We haven't been saving in values in memory. 


In [55]:
## Again, save all lifeforms in a object called lifeforms
lifeforms = soup.find_all("a", class_="life")
lifeforms

[<a class="plants life" href="http://example.com/plant1" id="plant1">Plant 1</a>,
 <a class="plants life" href="http://example.com/plant2" id="plant2">Plant 2</a>,
 <a class="plants life" href="http://example.com/plant3" id="plant3">Plant 3</a>,
 <a class="animals life" href="http://example.com/animal1" id="animal1">Animal 1</a>,
 <a class="animals life" href="http://example.com/animal2" id="animal2">Animal 2</a>,
 <a class="animals life" href="http://example.com/animal3" id="animal3">Animal 3</a>]

In [56]:
## what kind of object it it?
type(lifeforms)

bs4.element.ResultSet

### Print lifeforms.

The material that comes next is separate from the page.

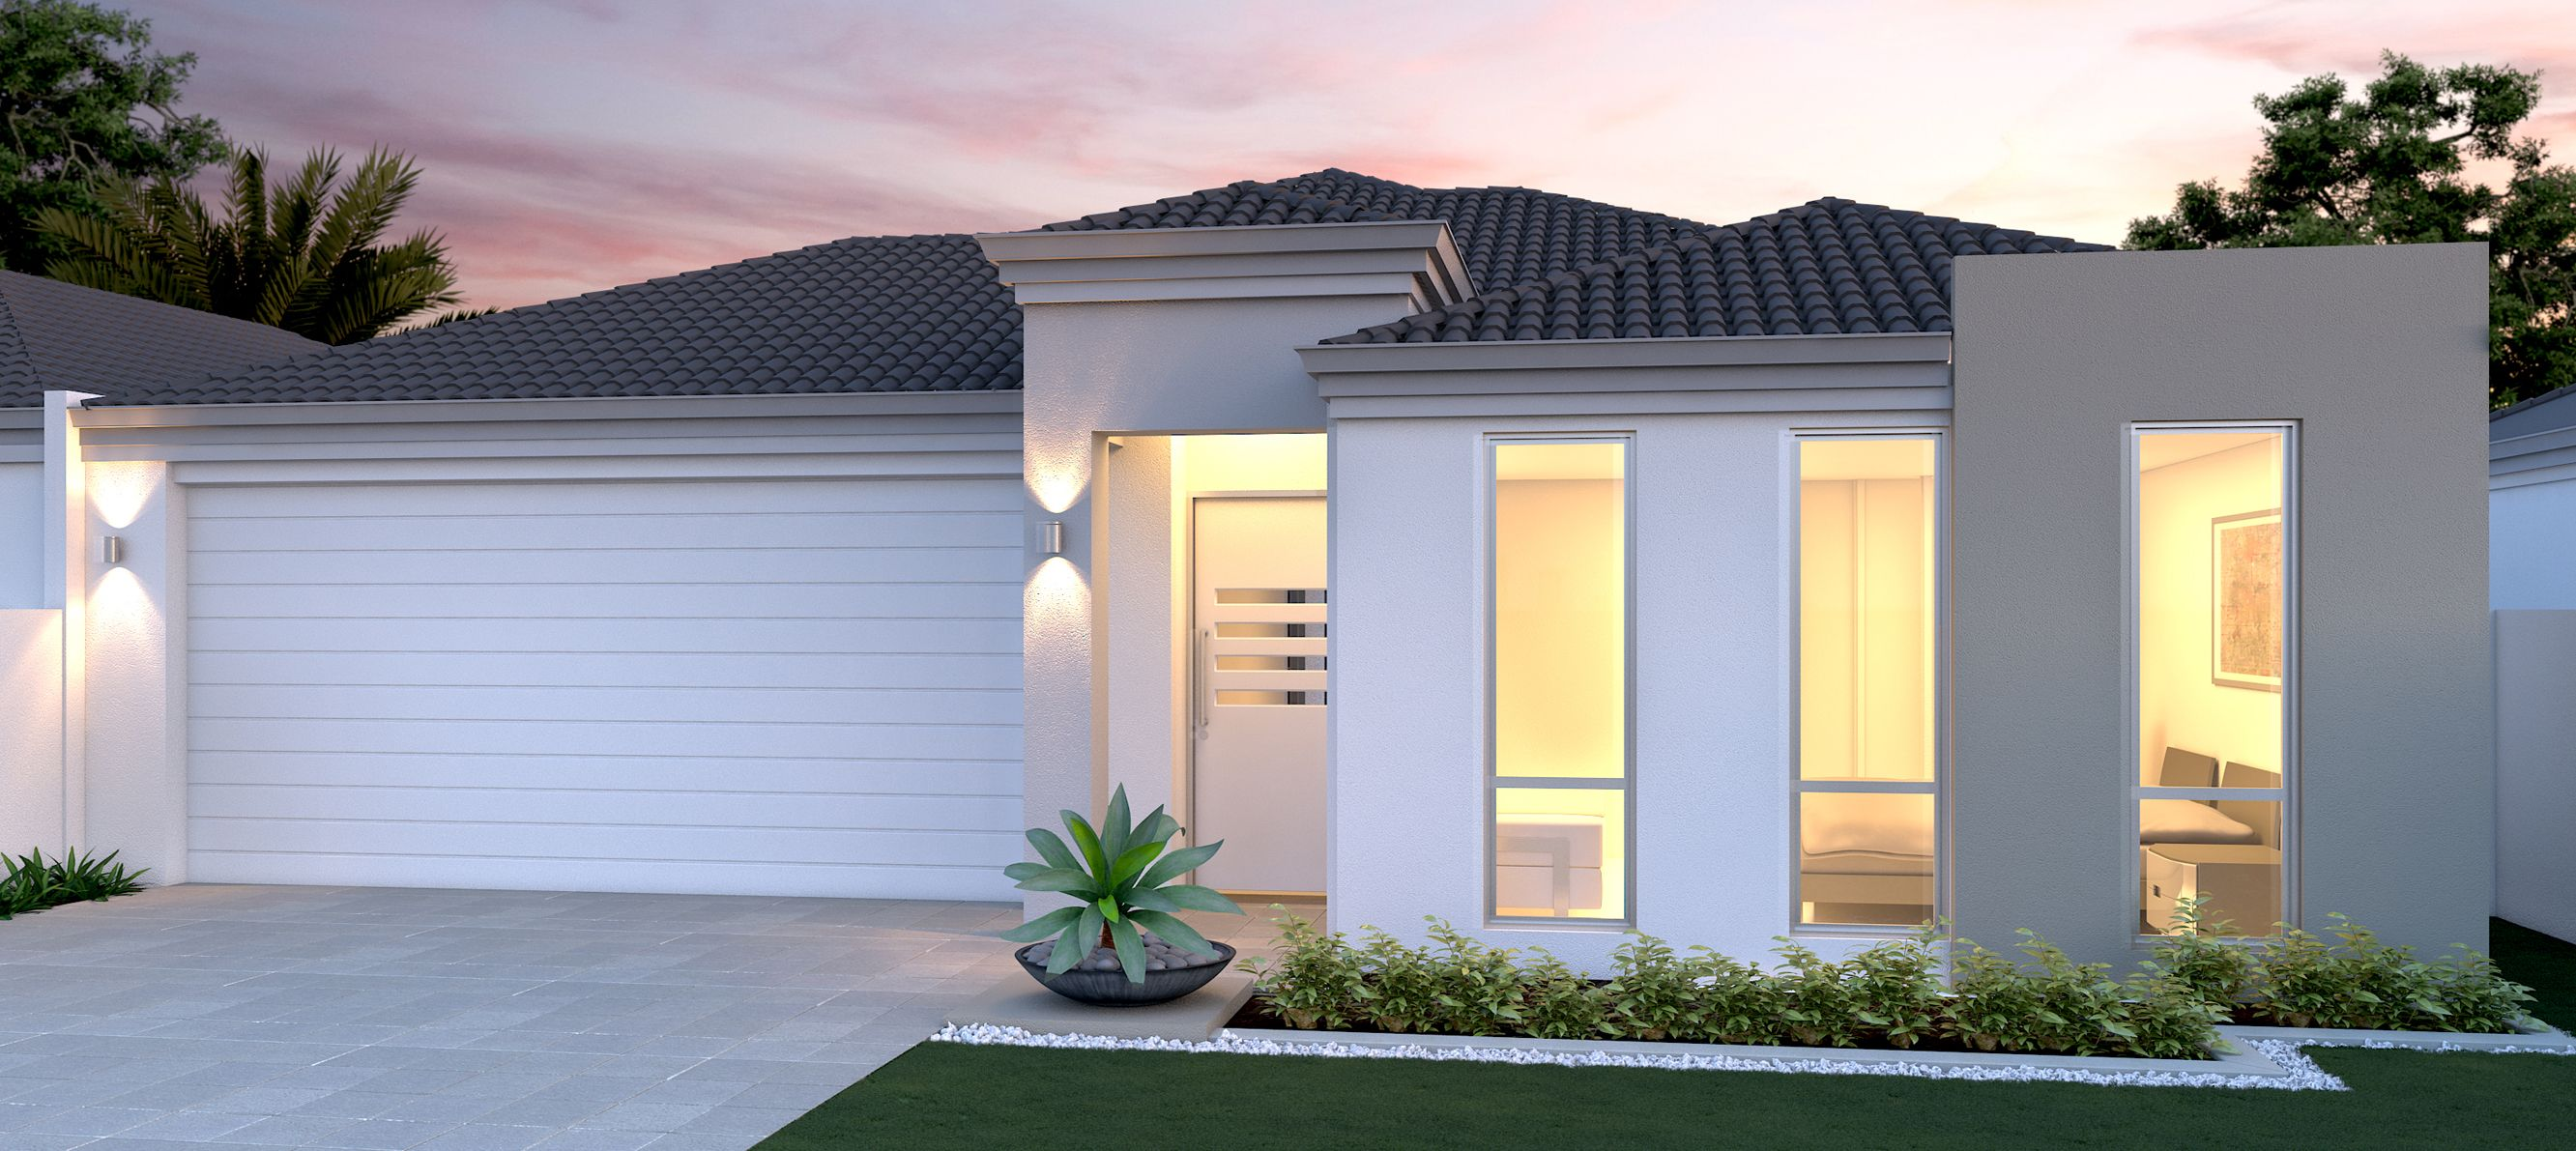 Home ideas minimalist contemporary white gray house design facade

Does it look familiar?

In [57]:
## print lifeforms
lifeforms

[<a class="plants life" href="http://example.com/plant1" id="plant1">Plant 1</a>,
 <a class="plants life" href="http://example.com/plant2" id="plant2">Plant 2</a>,
 <a class="plants life" href="http://example.com/plant3" id="plant3">Plant 3</a>,
 <a class="animals life" href="http://example.com/animal1" id="animal1">Animal 1</a>,
 <a class="animals life" href="http://example.com/animal2" id="animal2">Animal 2</a>,
 <a class="animals life" href="http://example.com/animal3" id="animal3">Animal 3</a>]

In [58]:
## print it out with a break between each
for life in lifeforms:
    print(life)
    print("************")

<a class="plants life" href="http://example.com/plant1" id="plant1">Plant 1</a>
************
<a class="plants life" href="http://example.com/plant2" id="plant2">Plant 2</a>
************
<a class="plants life" href="http://example.com/plant3" id="plant3">Plant 3</a>
************
<a class="animals life" href="http://example.com/animal1" id="animal1">Animal 1</a>
************
<a class="animals life" href="http://example.com/animal2" id="animal2">Animal 2</a>
************
<a class="animals life" href="http://example.com/animal3" id="animal3">Animal 3</a>
************


### You can't just get the text for the lifeforms.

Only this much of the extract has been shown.